Odor in Cubberley fall quarter possibly due to leaking pipe, rodents
“It’s not a bad smell,” said Jess Fisher ’13. “It is like the nostalgic musty smell you get when you walk into an old building.”
At the beginning of last quarter, the Cubberley School of Education was widely talked about among students due to the mysterious smell emanating from the building.
Reports about the smell ranged from sewage to mustiness, and some students with fall quarter classes in Cubberley never smelled anything.
“I never really noticed a smell,” said Shannon Wong ’10, who had a morning class in Cubberley fall quarter.
But the faculty and administration within the building were well aware of the odor. One administrator, who wished to remain anonymous, provided confirmation about the smell along with emphatic nodding and a slight chuckle.
It was when students, staff and faculty began moving back into Cubberley after the construction project this past summer to retrofit it for earthquakes that the smell was first noticed.
“Right about the time that the project was completing…people started talking about a smell,” explained Kathleen Baldwin, zone manager of section C of campus, which includes Cubberley.
Up to nearly the end of fall quarter the smell was still a problem, but it appeared to be gradually dissipating.
“It seems to be getting better,” explained Ona Andre, building manager for Cubberley. “I believe it was stronger in the past [earlier in fall quarter] when it was called in.”
After enough complaints came in to confirm that the smell was not just noticed by the oversensitive, Zone Management was called in to investigate.
Zone managers such as Baldwin oversee one of fours zones on campus, acting as the property managers of academic buildings.
“Not so much the fire, but the floods and the locusts–we go out and help people [on campus],” Baldwin said, explaining the involvement of the Zone Managers into the investigation at Cubberley.
Baldwin, along with a team that includes pest control, electricians, technicians, plumbers, contractors for the Cubberley construction, the custodial company and Environmental Health and Safety, worked to comb the building top to bottom searching for the smell.
Several ideas were investigated, ranging from checking the procedures of how the café in Cubberley dealt with their garbage to ensuring that the drain heading down to the sewers was being kept wet. If the drain dries out it will result in a sewage-like smell.
“You don’t throw out any clue, you don’t throw out any possibility of what it could be,” explained Baldwin about their investigation techniques.
“We went from the top to the bottom and we found a couple of things that we thought could be suspect,” she added.

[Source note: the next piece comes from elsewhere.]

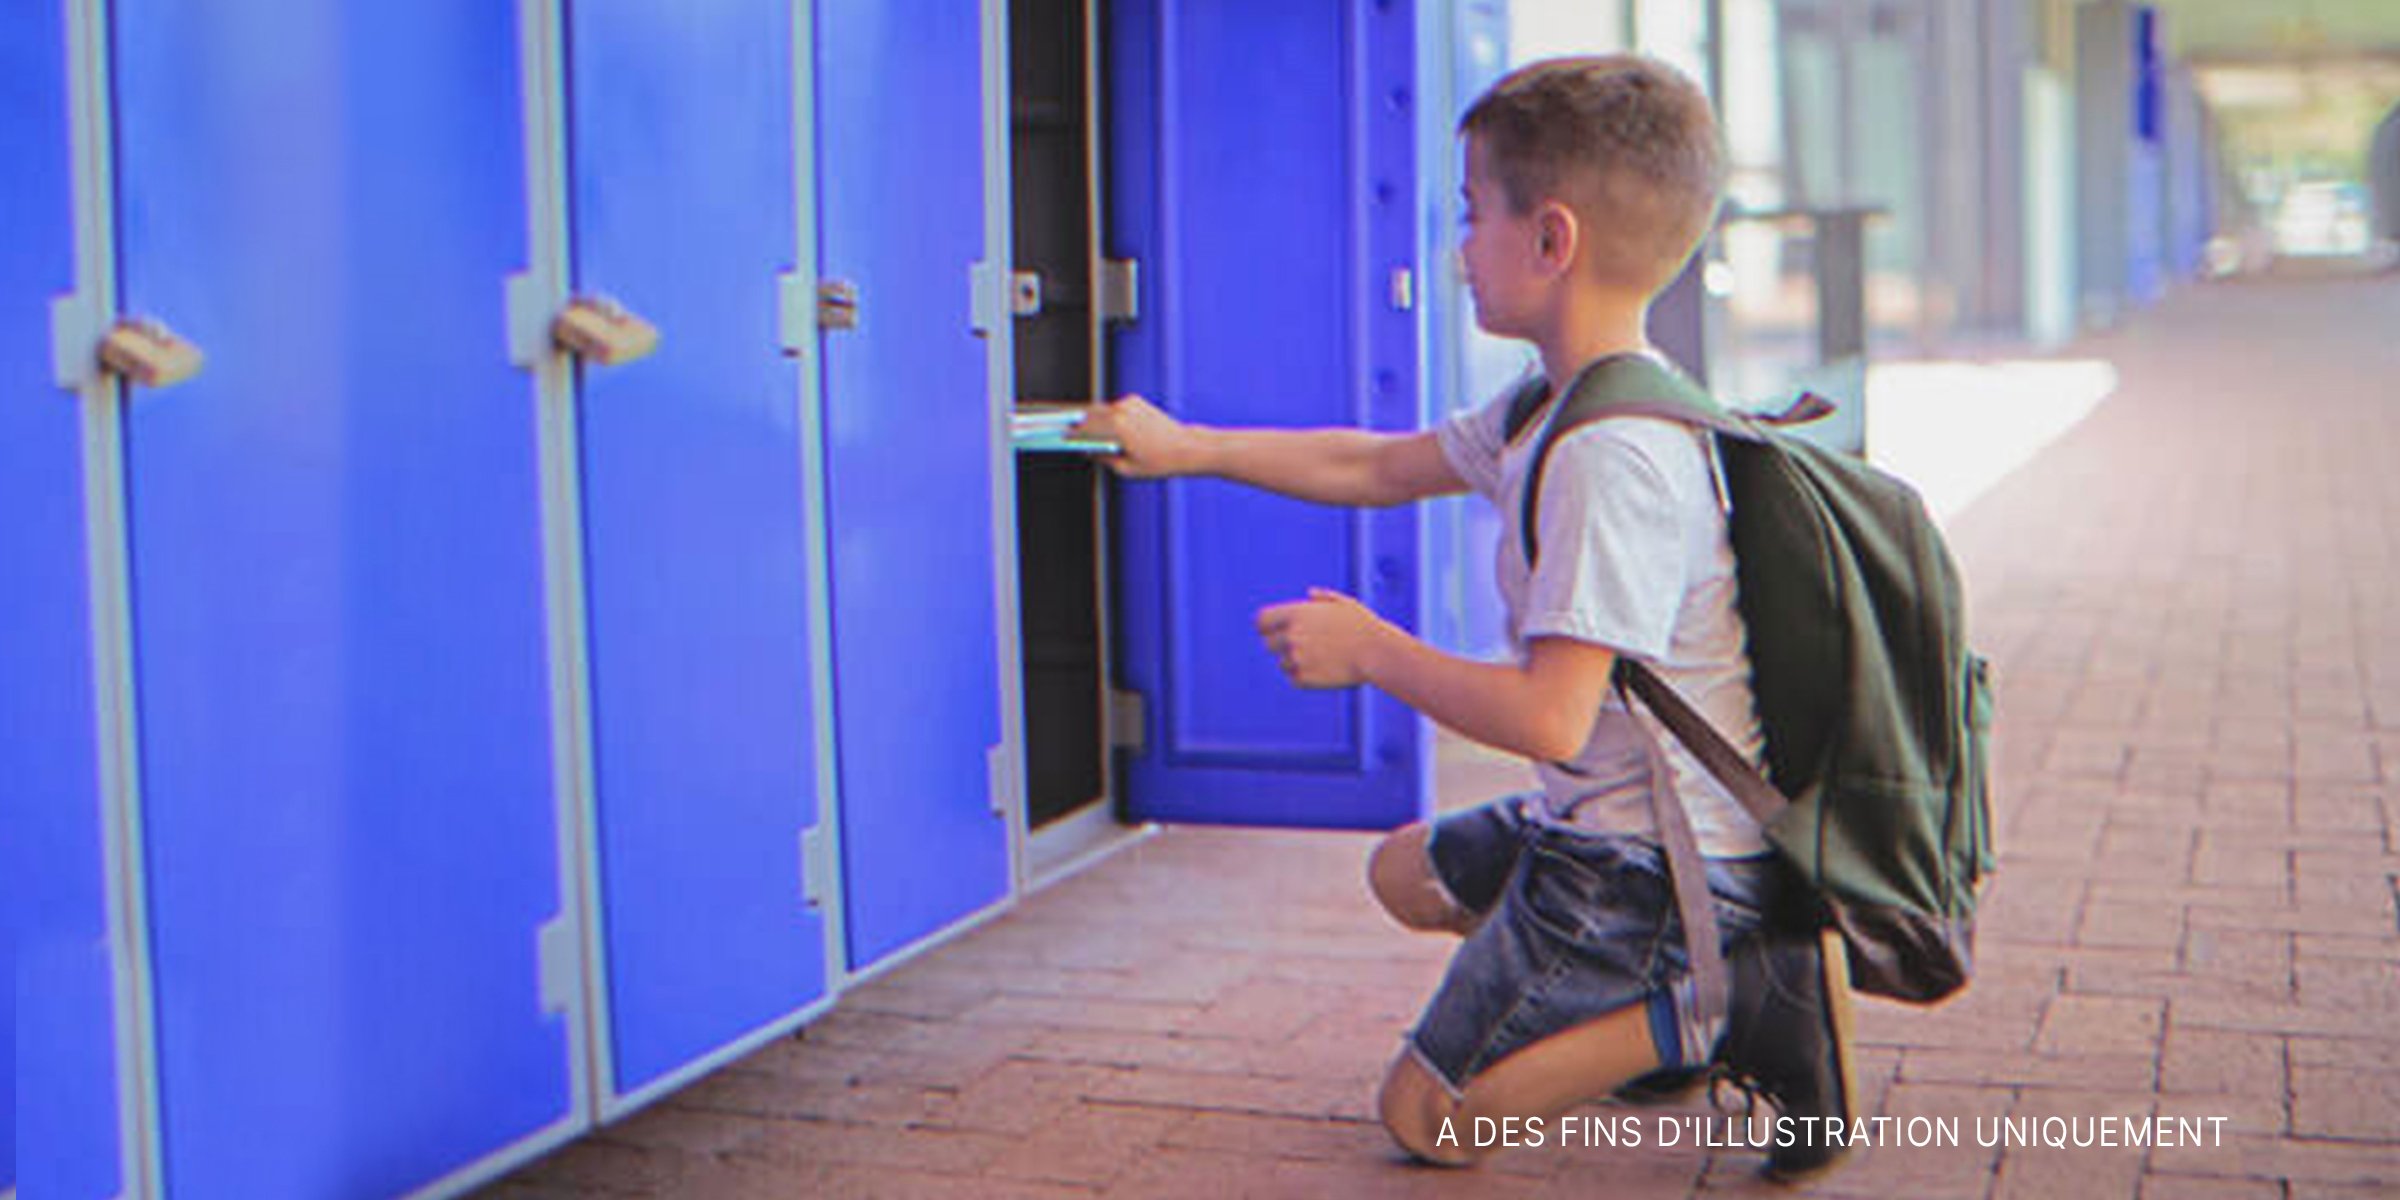 Un garçon récupère des objets dans son casier d'école | Source : Shutterstock

During the summer the steam radiators for Cubberley were shut down; sometimes when they are turned back on they may leak or smell.

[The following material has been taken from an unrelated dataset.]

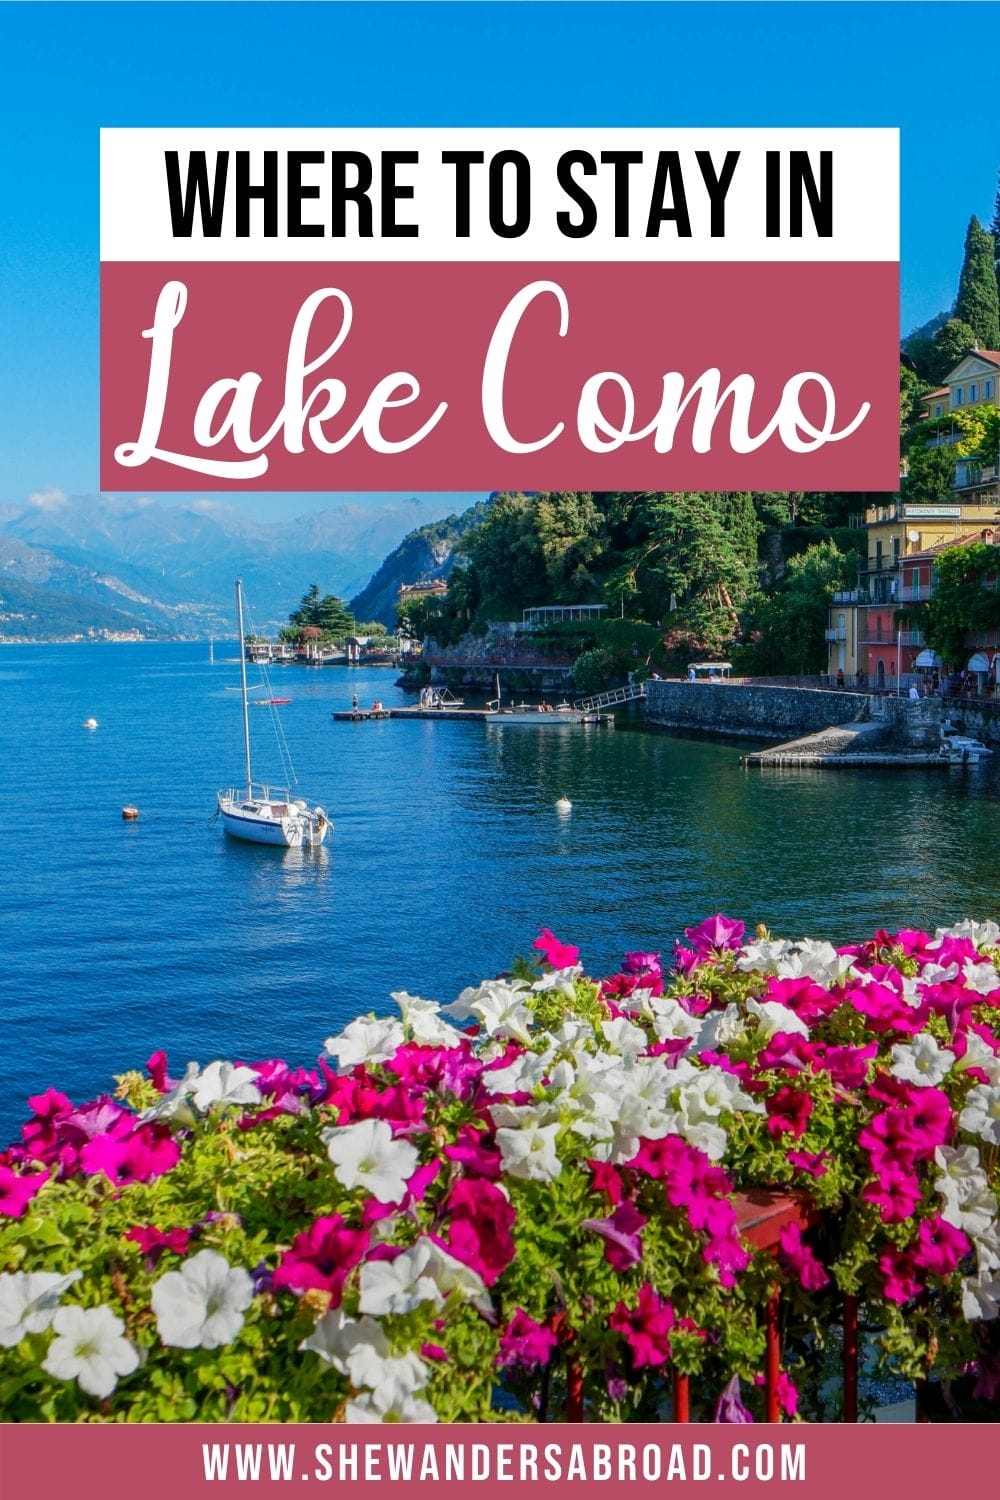 Parhaat majoituspaikat Comojärvellä: Best Towns Hotels

“Over the years we have had issues with fumes and that kind of thing,” Andre said. “Mainly from radiators. [The smell] is fleeting.”
When Cubberley was investigated, a small leak was found in an old air-handling area of the fountain.

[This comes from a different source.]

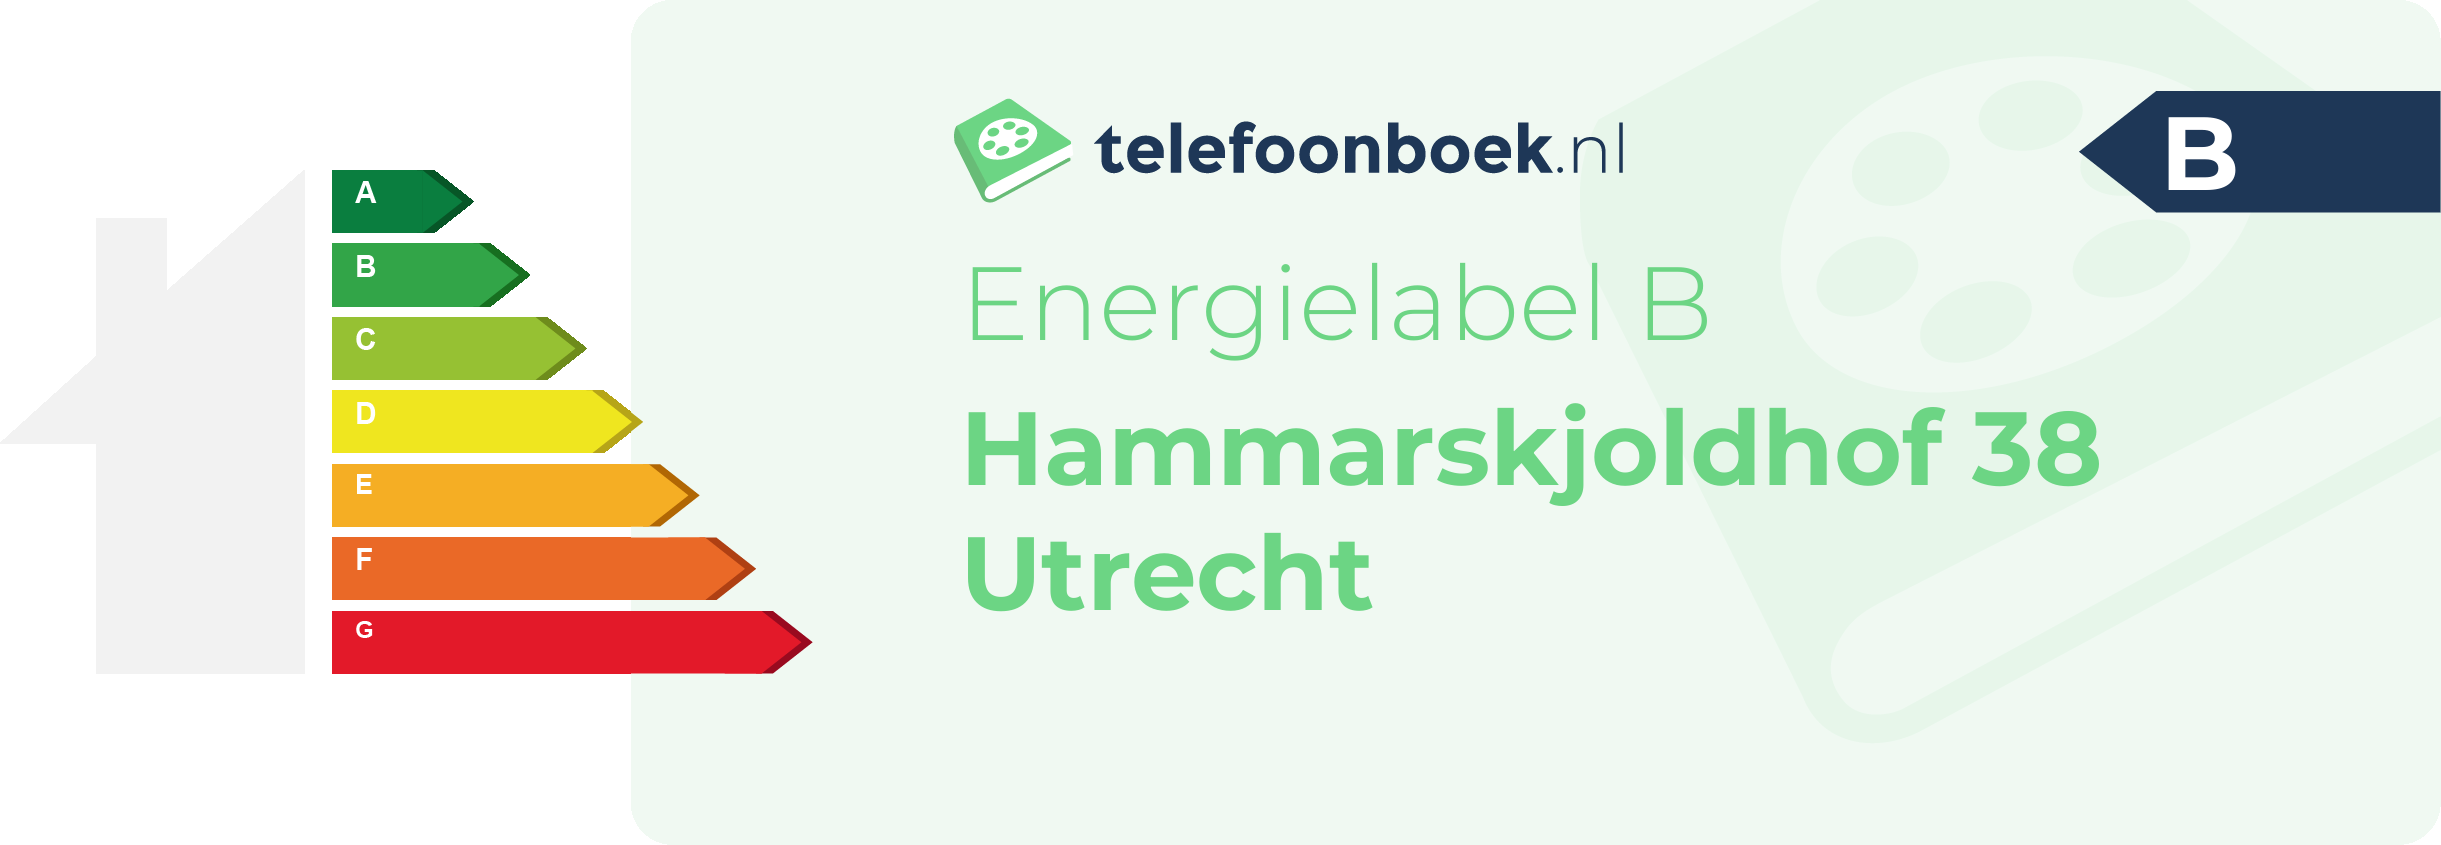 Energielabel Hammarskjoldhof 38 Utrecht

“We found a small leak [in the air-handling unit] that we fixed, but basically we just went through the whole building and didn’t see a whole lot of issues that could cause [the stench],” Baldwin said.
Another issue that possibly contributed to the smell was rodents in Cubberley. After looking around the mechanical rooms in Cubberley, some evidence of rodents was found. This issue was cleaned up and the mesh in the mechanical rooms was fixed to ensure that the rodents could not return.
“As we started solving these problems the smell has abated,” Baldwin explained. “So right before we went on break I called Ona and asked how things were going over there and she said, ‘You know, we haven’t had many problems.’”
Baldwin believes that it was a series of small steps that resulted in the correction of the smell.
“So to me, I think it was more of the building starting to come back to 100 percent occupancy and usefulness and also some of the smaller leak areas that we found that helped,” she said.
This quarter, there has been a sudden drop in complaints by faculty and students about the smell.
“We haven’t had any complaints from the faculty [winter quarter],” Andre said.
Students who are using Cubberley for the first time this quarter have not even been aware of the smell, except through rumors.
“I have not smelled anything and I am very sensitive to smells,” said Deanna Chase ’13.
Although students and administration this quarter have noticed the lack of smell within the building, the Zone manager investigation has not been closed.
“We aren’t done with Cubberley,” Baldwin stated. “If somebody says today that they’re smelling that smell again, we would go right back there and start the investigation again. We are very proactive about keeping our buildings safe.”